Thanks for the recommendation. It looks like this would be a major undertaking, well outside the scope of Manticore.

I hope that someday we might have document similarity features built right in. It would be very useful!

Yes, indeed having it built-in would make things much simpler. I’ve created a feature request about it - Automatic embeddings generation · Issue #1778 · manticoresoftware/manticoresearch · GitHub

Feel free to subscribe to it to be informed.

1 Like

I’m very interested in this topic, and looking at the using the KNN functioanlity for similarity searching.

But yes, it tricky to get going.

Perhaps the biggest decision is what model to use, there are many you could use. There are many domain specific models that could use, as well ‘general purpose’ ones.
Even just using the ‘text embedding model’, ie not running a full ML model, lots of options, as I understand it, lots full models developed their own text embedding model.

Or in fact, you could just use ‘tokens’ with KNN, conceptually similar to the inverted index manticore uses natively.
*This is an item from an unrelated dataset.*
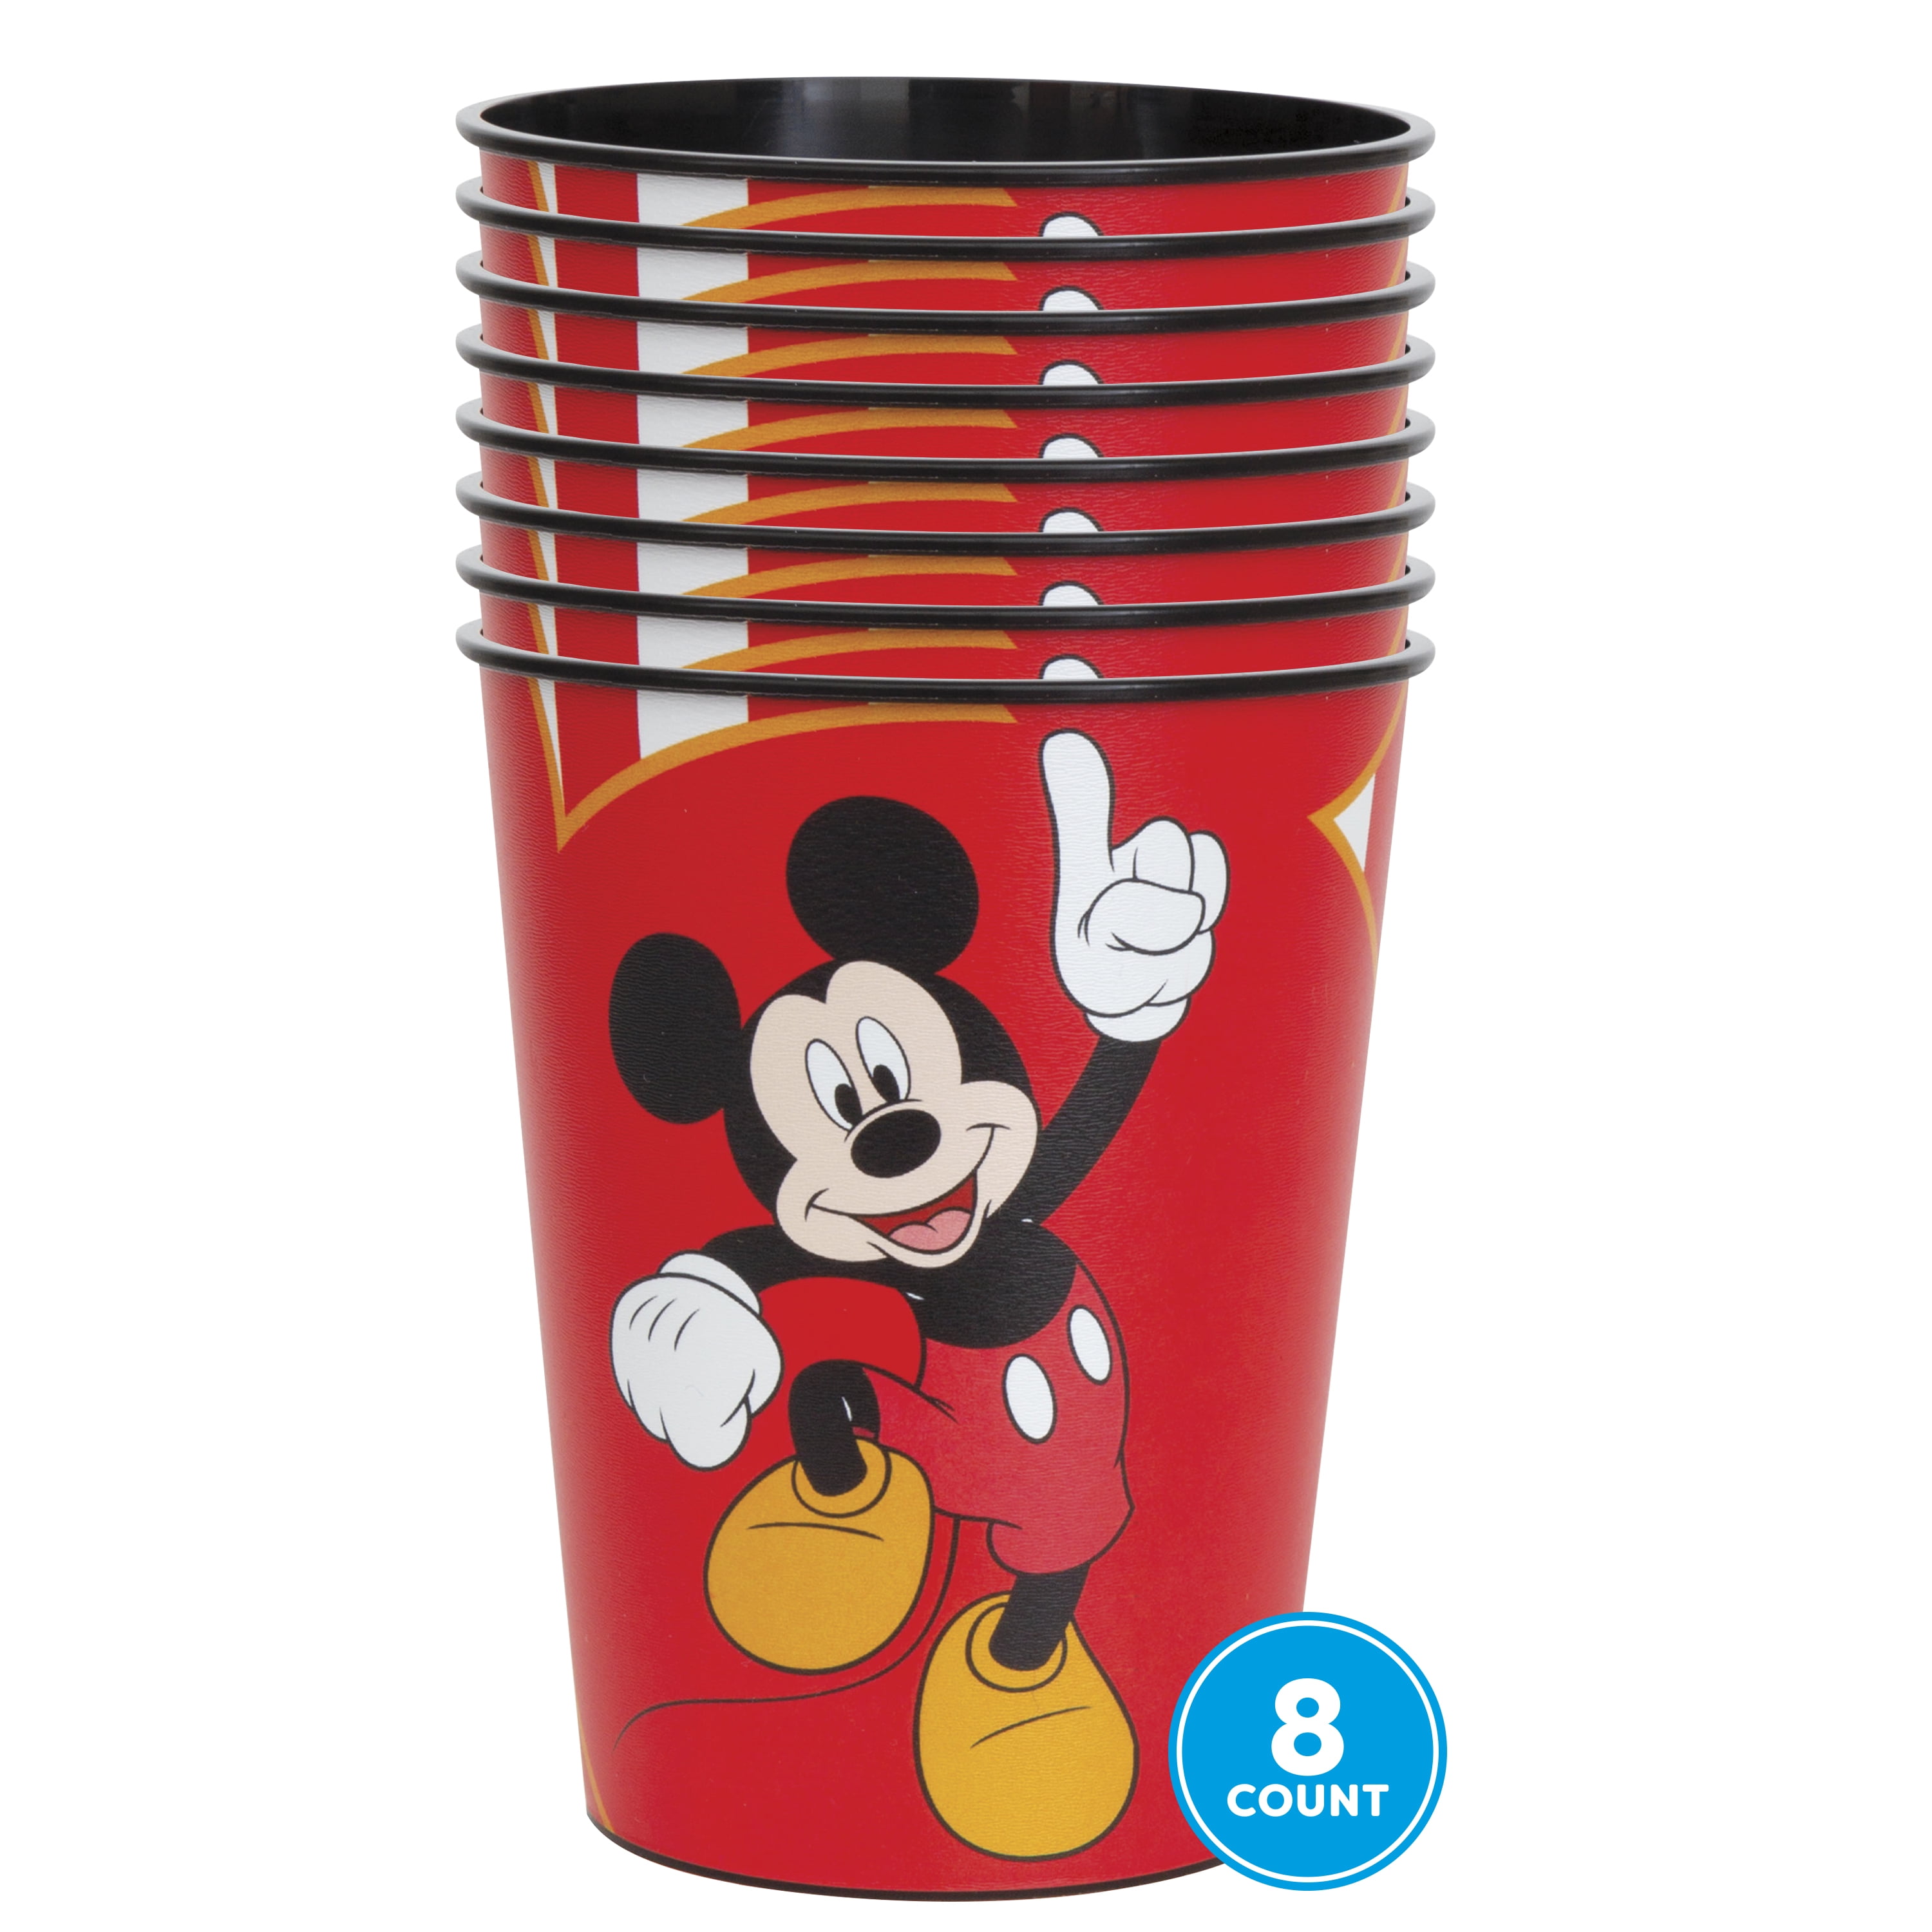 Mickey Mouse Forever Party Supplies Pack Serves 16 Bundle for 16 Dinner Plates Luncheon Napkins Cups and Table Cover with Birthday Candles

But probably wont have very good accuacy.

So any sort of ‘auto’ function, would either need to be very opinionated and pick and embedding model (I think elastic calls it a ‘sentence transformer’. )
… or use a framework that allows use of difference models.

Anyway, suppose what saying, is onnx runtime, might be a bit over the top (don’t need full training and inference for KNN)

Its a sentance transfomer that need

Yes, I’ve seen there are many pre-trained models which may work fine on general text. But I’ve got domain-specific, multi-language text, and I’m afraid that using these general models may not be helpful. So, I’m unsure if this is a project worth pursuing unless I want invest a lot of effort to train my own model.

Yes, I was thinking about this, too. But, like you, I don’t know if it would gain us anything over and above what Manticore’s index offers now.

The sentence transformer you linked looks very interesting. They even have pre-trained multilingual models, which may work for me.

Definitely. There are so many models out now and more will come. So, users should be able to pick the model they want to use. Manticore can make this easier and maybe even pick a default model (but it might not).